The spills occurred from November 2012 through January 2013 along approximately 4,000 feet of pipeline between Mill Creek and northern Bothell. This portion of the 43 year-old line is a known pinch point in the system that cannot handle the significant quantities of surface and groundwater that enter from inward leaks during rainstorms.
The discharges may have totaled approximately 10 million gallons. The untreated wastewater flowed into a wetland in Centennial Park and to North Creek. Wastewater also backed up into two homes near Thrasher’s Corner.
“King County took responsibility by responding to each incident, and has taken steps to avoid this problem in the future,” said Kevin Fitzpatrick, Ecology’s regional water quality program manager. “Nevertheless, King County clearly understands that this spill presented environmental risks and the need for remedial action to address possible environmental harm to the wetland and receiving waters.”
The pipeline, called the North Creek Interceptor, carries wastewater from Mill Creek, Thrashers Corner, Canyon Park and Bothell, with flow primarily coming from the Alderwood Water and Wastewater District.

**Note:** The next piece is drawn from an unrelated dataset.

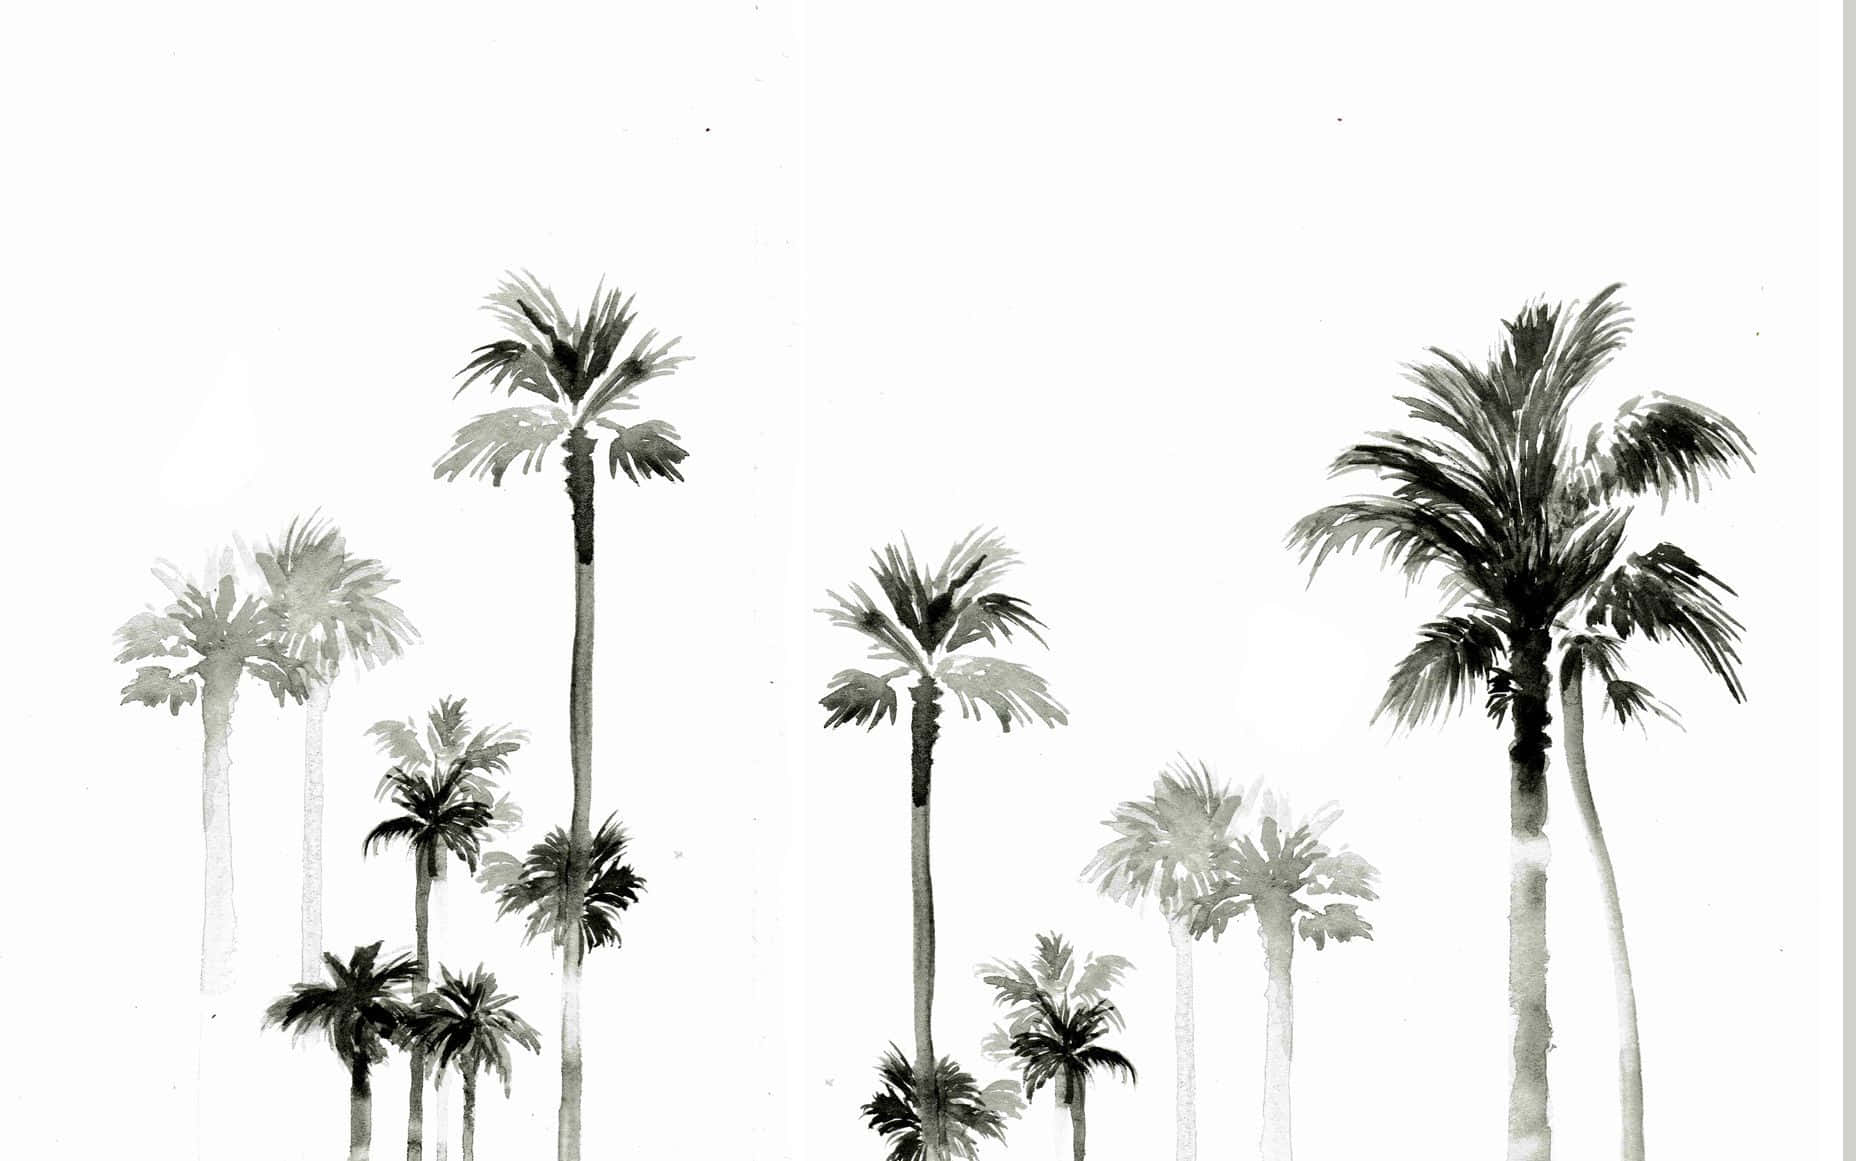 Umcontraste Impressionante De Cores Preto E Branco, Esta Palmeira É Alta E Tem Uma Graça Atraente. Papel de Parede

King County provides wastewater treatment for cities and sewer districts in parts of southern Snohomish County.
“Our mission is to protect public health and the environment, and taking steps to prevent additional overflows while we complete an upgrade to this aging portion of our regional conveyance system is our highest priority,” said King County Wastewater Treatment Division Director Pam Elardo.

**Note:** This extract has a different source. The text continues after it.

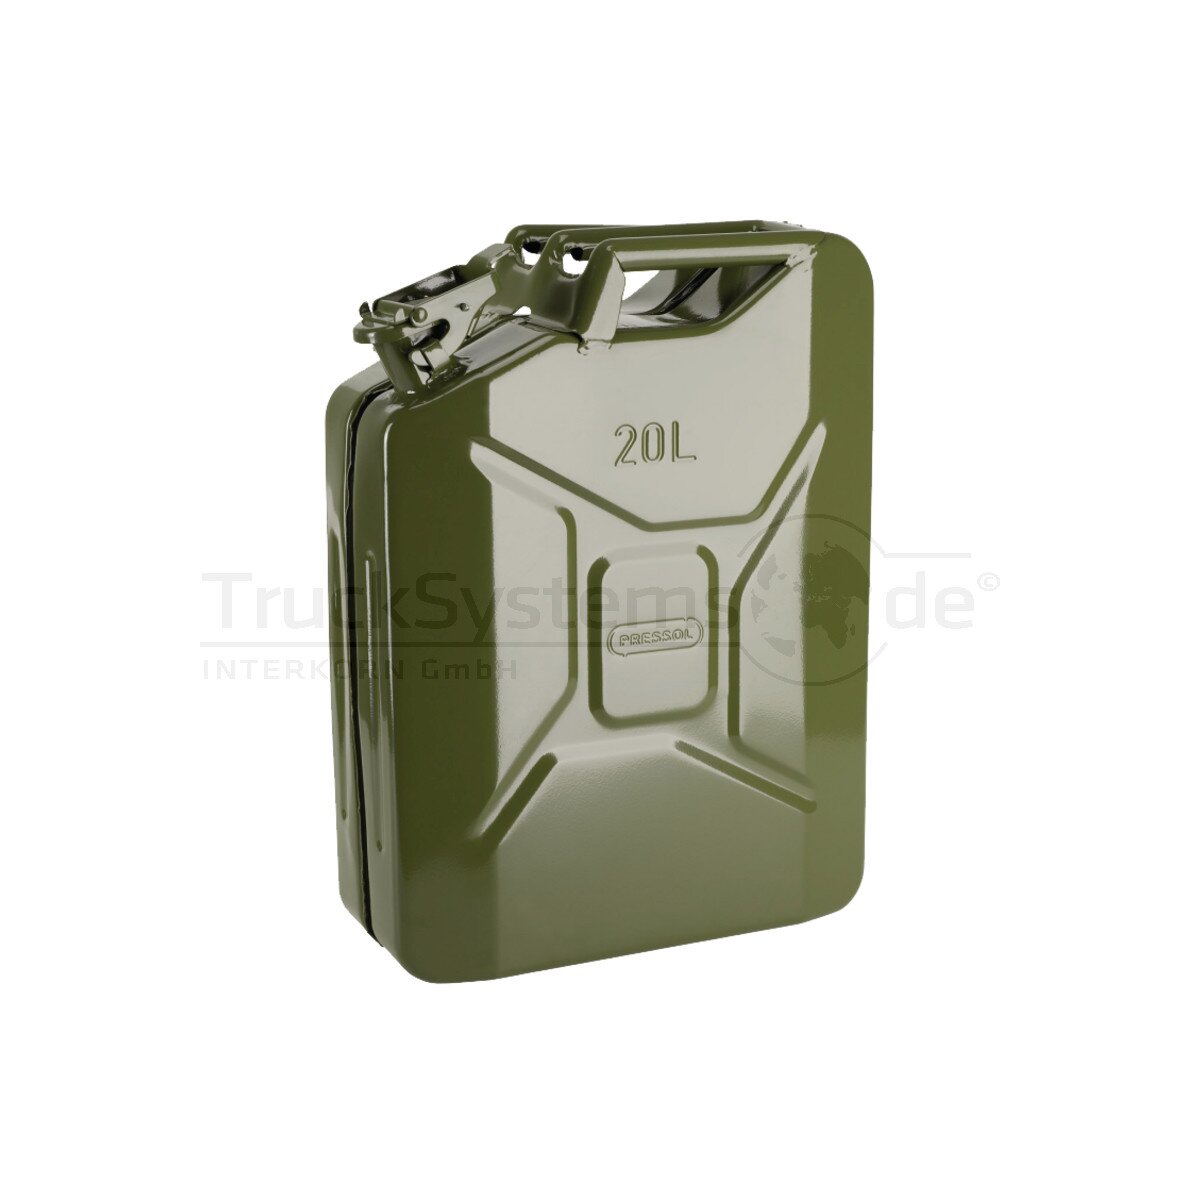 Benzinkanister UN oliv-grün Metall 20l - 10.127 - 4007928101273

King County plans to accelerate an upgrade and replacement project – originally set for 2017 – to 2016. The county has taken temporary measures and is planning others to avoid overflows and prevent damage to homes if discharges occur in the meantime.

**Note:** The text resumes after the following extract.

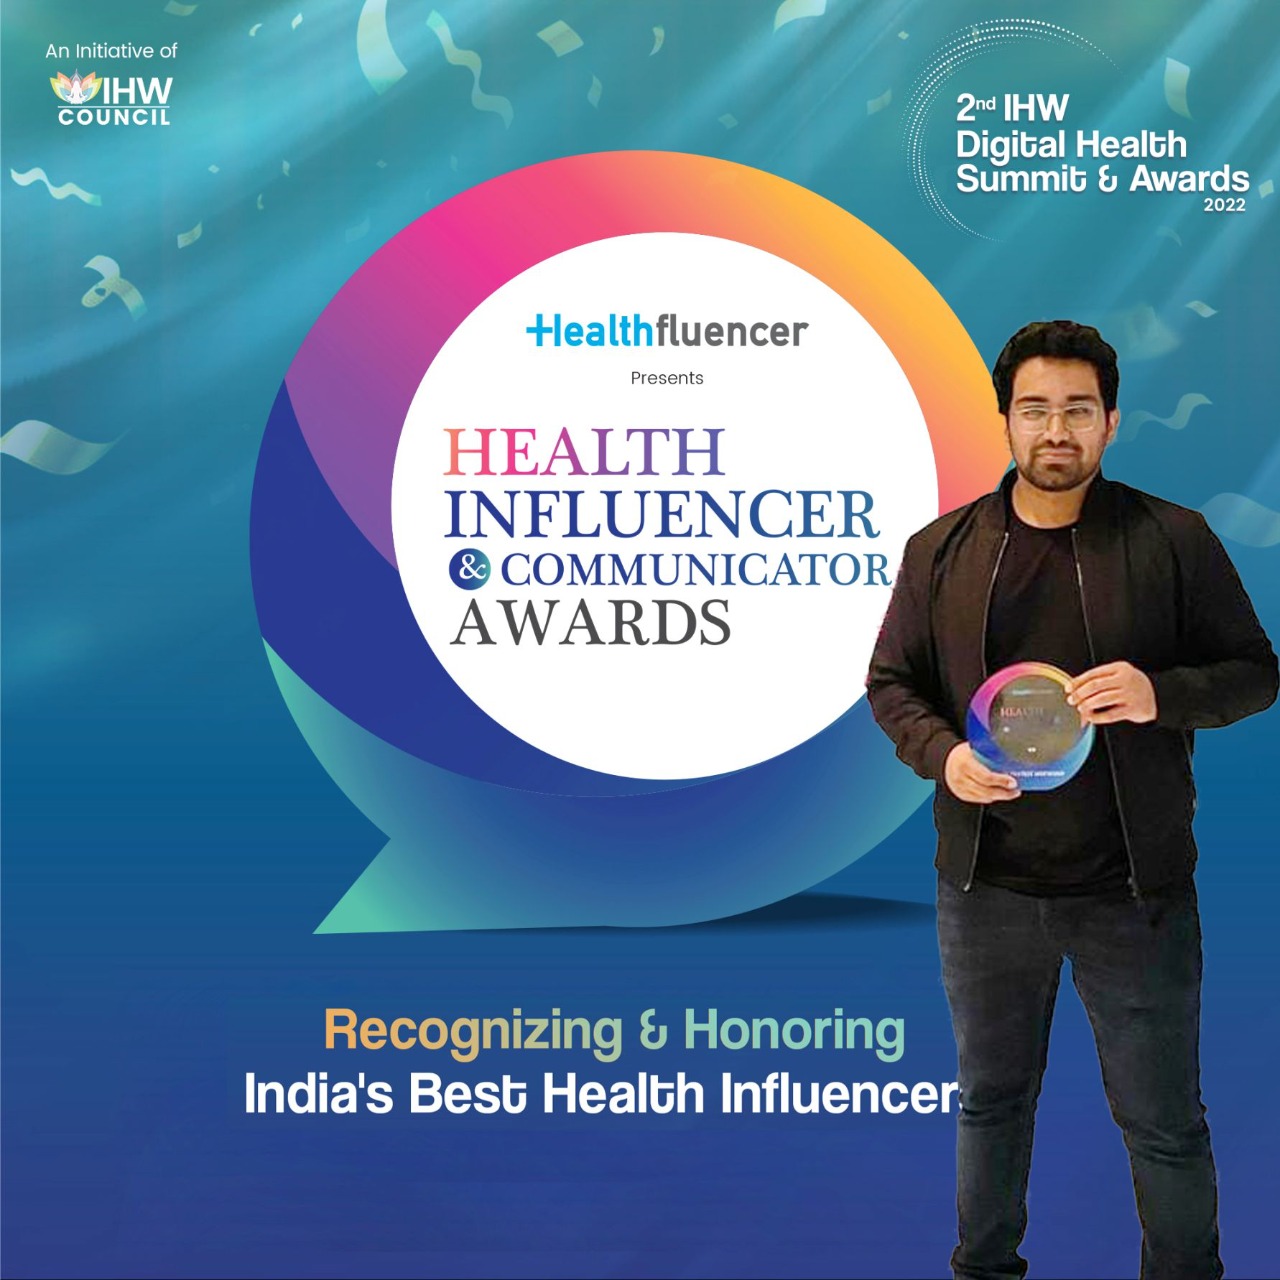 2nd IHW Digital Health Awards 2022

Since the overflows last fall and winter, King County has located and repaired several serious leaks and is continuing more priority work on tightening up the line. To protect homes in the area from potential sewage backups, King County has installed valves that can stop backflows and plans to install pumps to ensure wastewater from the residences flows to the sewer lines.
In case these measures fall short, King County also is designing a temporary system to pump excess flow via an overflow pipe past the area where the discharges occurred. Additional metering will alert King County wastewater system crews when water levels begin to rise in the sewer system. These measures will remain in effect until King County completes the permanent upgrade project.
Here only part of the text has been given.